• [Data extract]:
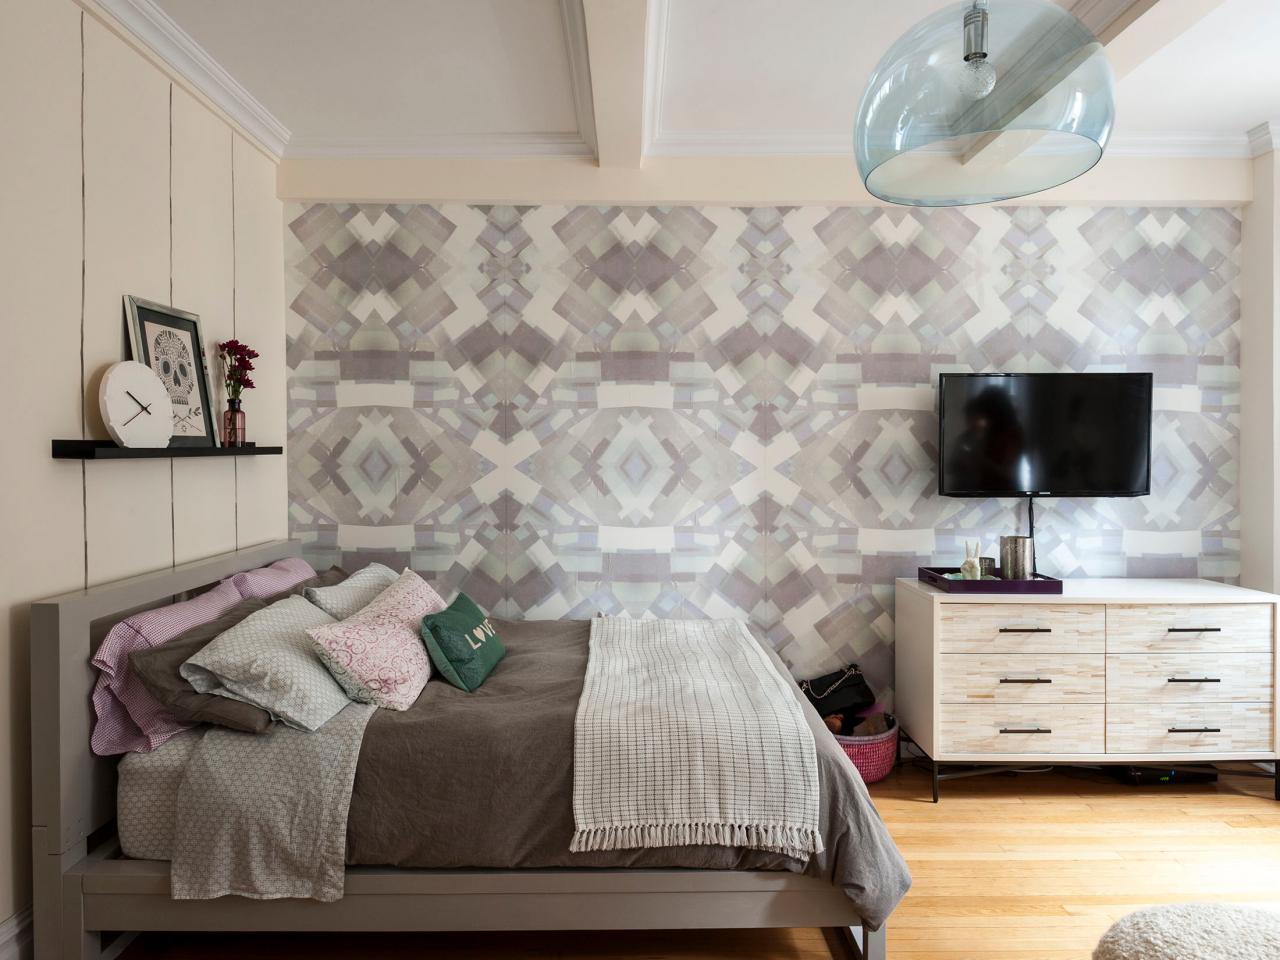 DIY Makeover: This renter glammed up her one-bedroom with vintage
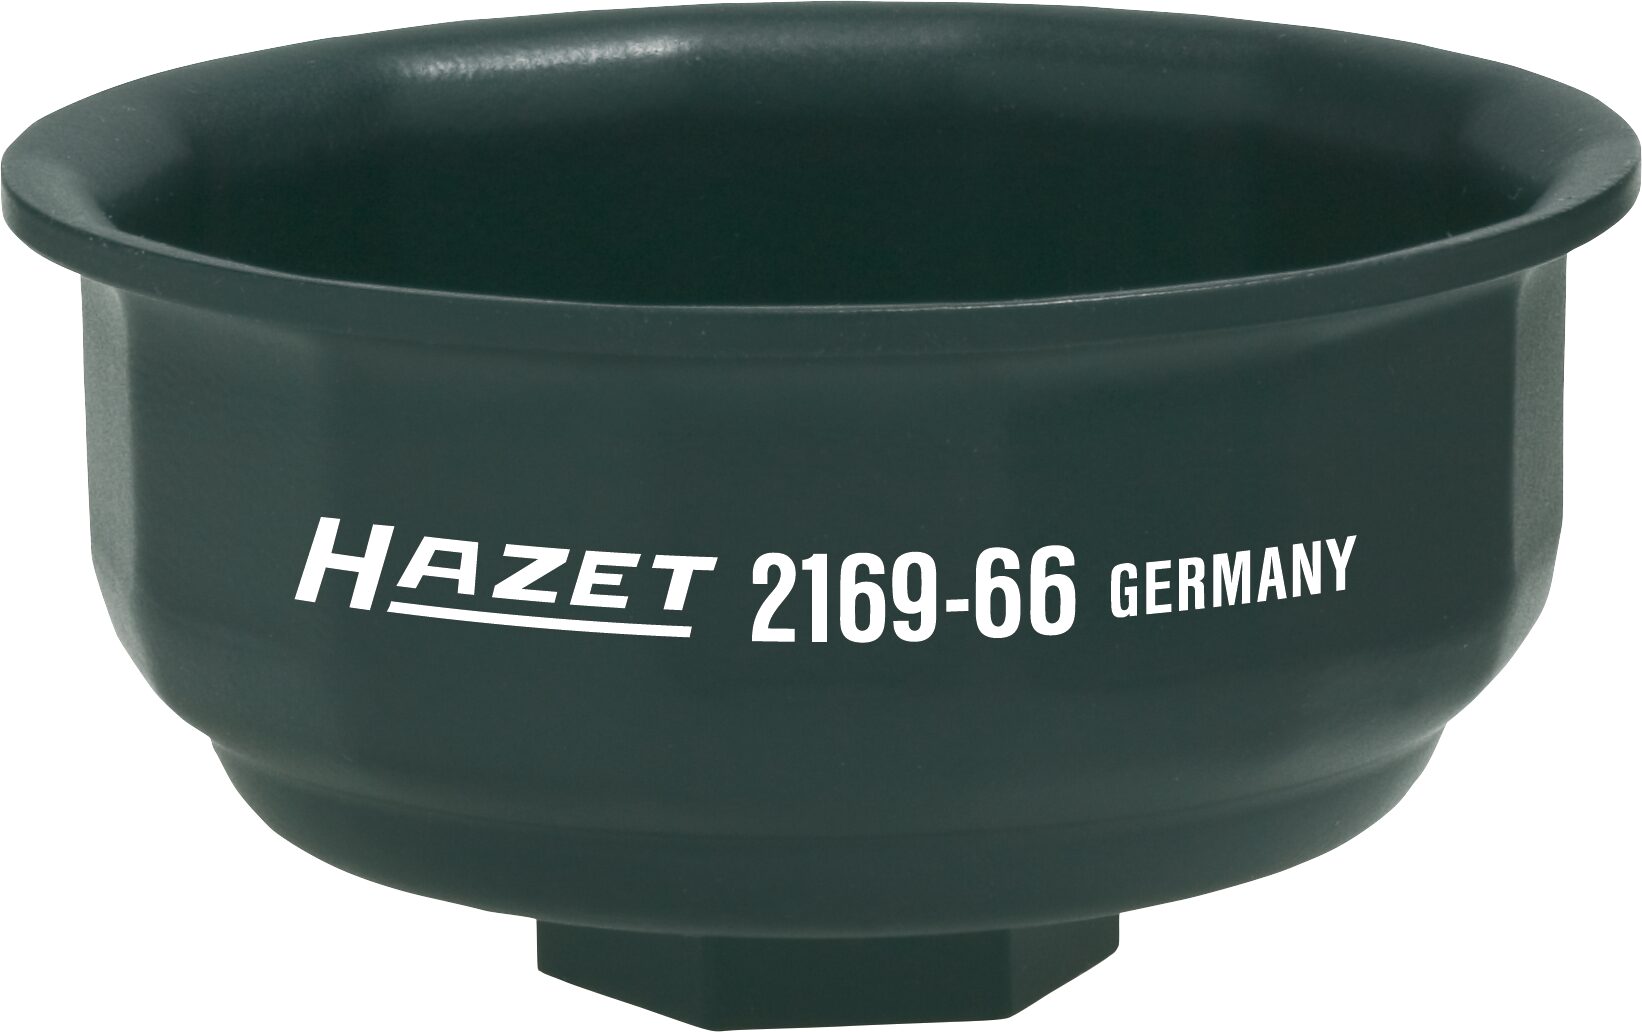 HAZET Ölfilter-Schlüssel 2169-66 · Vierkant hohl 12,5 mm (1/2 Zoll) · Rillenprofil · 76 mm
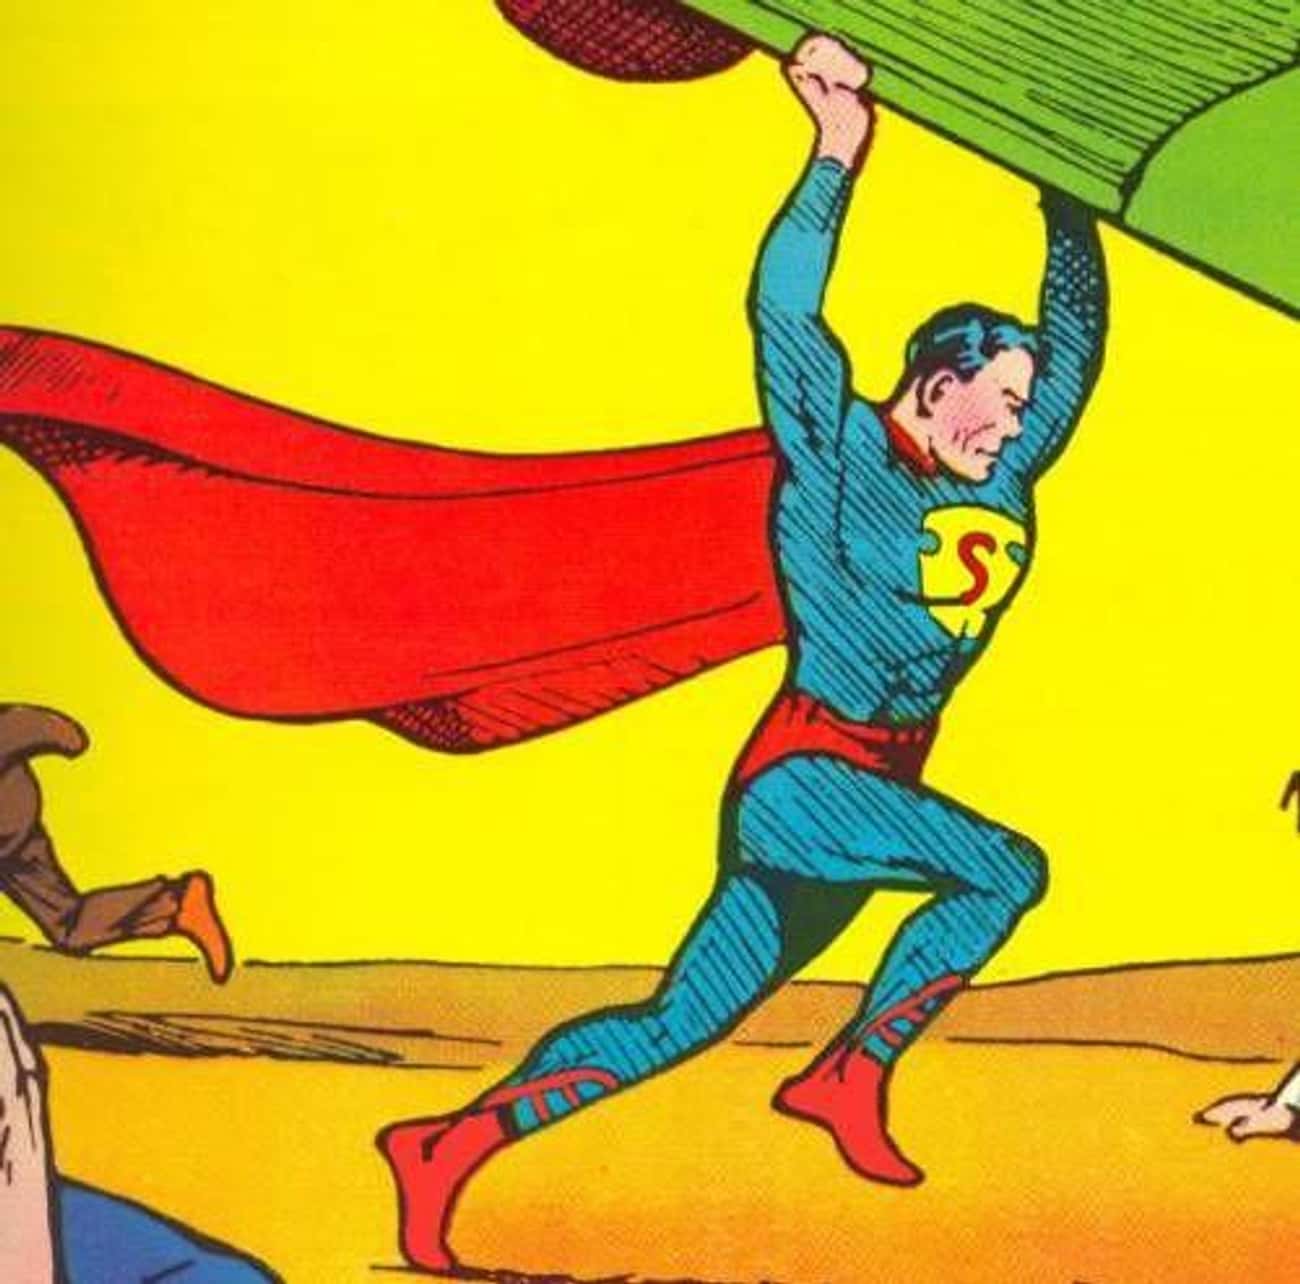 1938: Action Comics #1
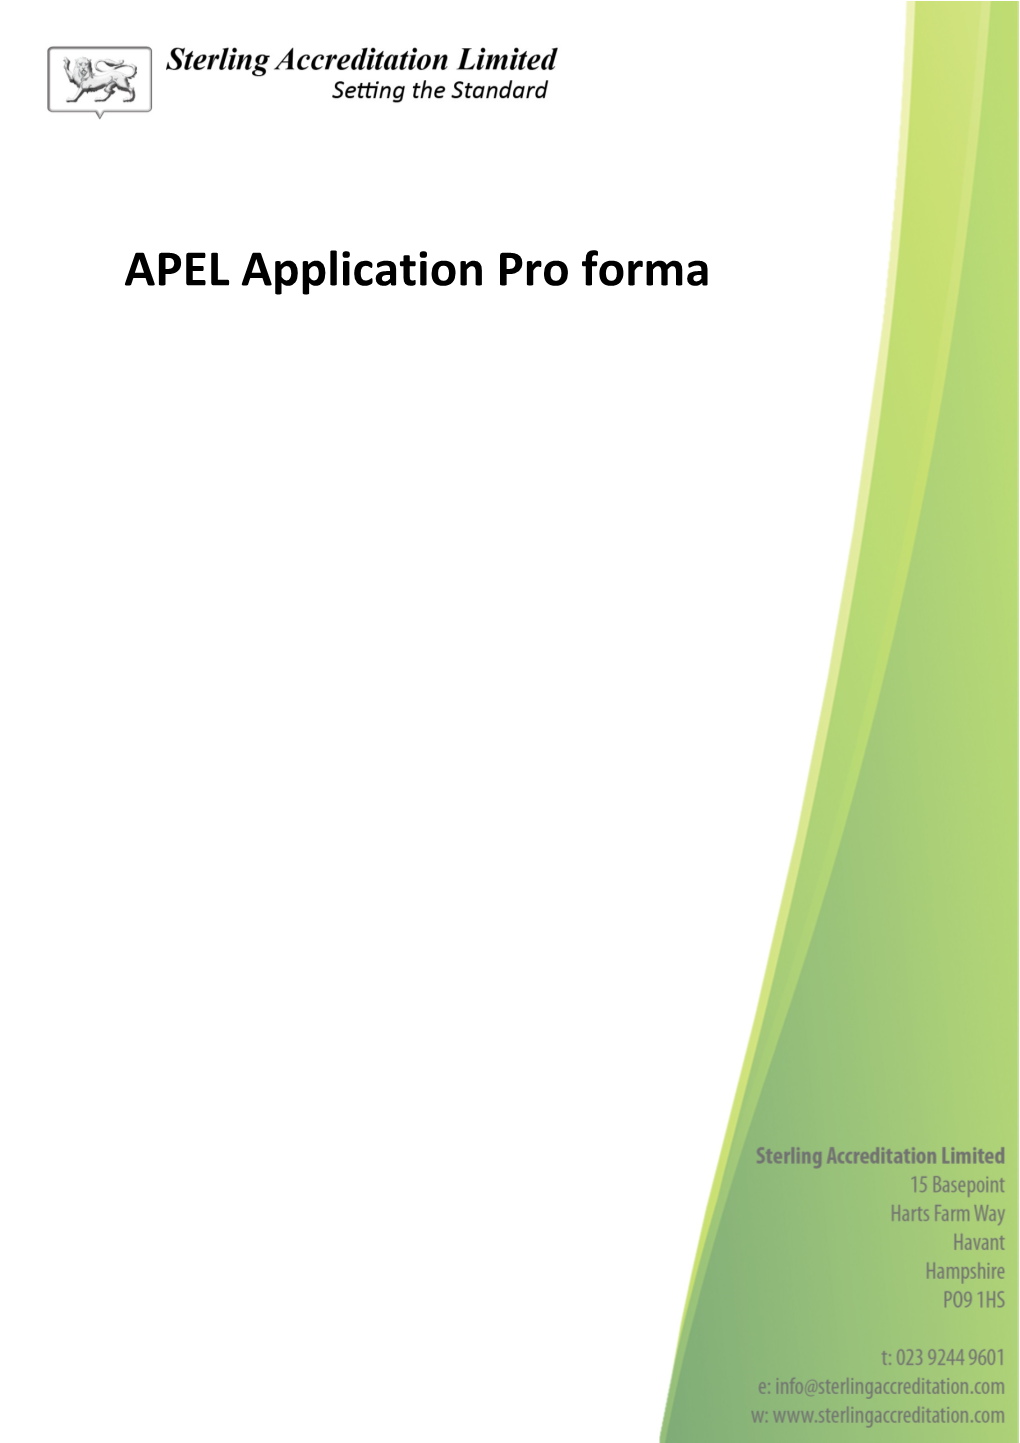 APEL Application Pro Forma

• [Required action]:
Since only the text is needed, retype the data above exactly and omit the pictures.

• [Solution for this problem]:
 DIY Makeover: This renter glammed up her one-bedroom with vintage
 HAZET Ölfilter-Schlüssel 2169-66 · Vierkant hohl 12,5 mm (1/2 Zoll) · Rillenprofil · 76 mm
 1938: Action Comics #1
 APEL Application Pro Forma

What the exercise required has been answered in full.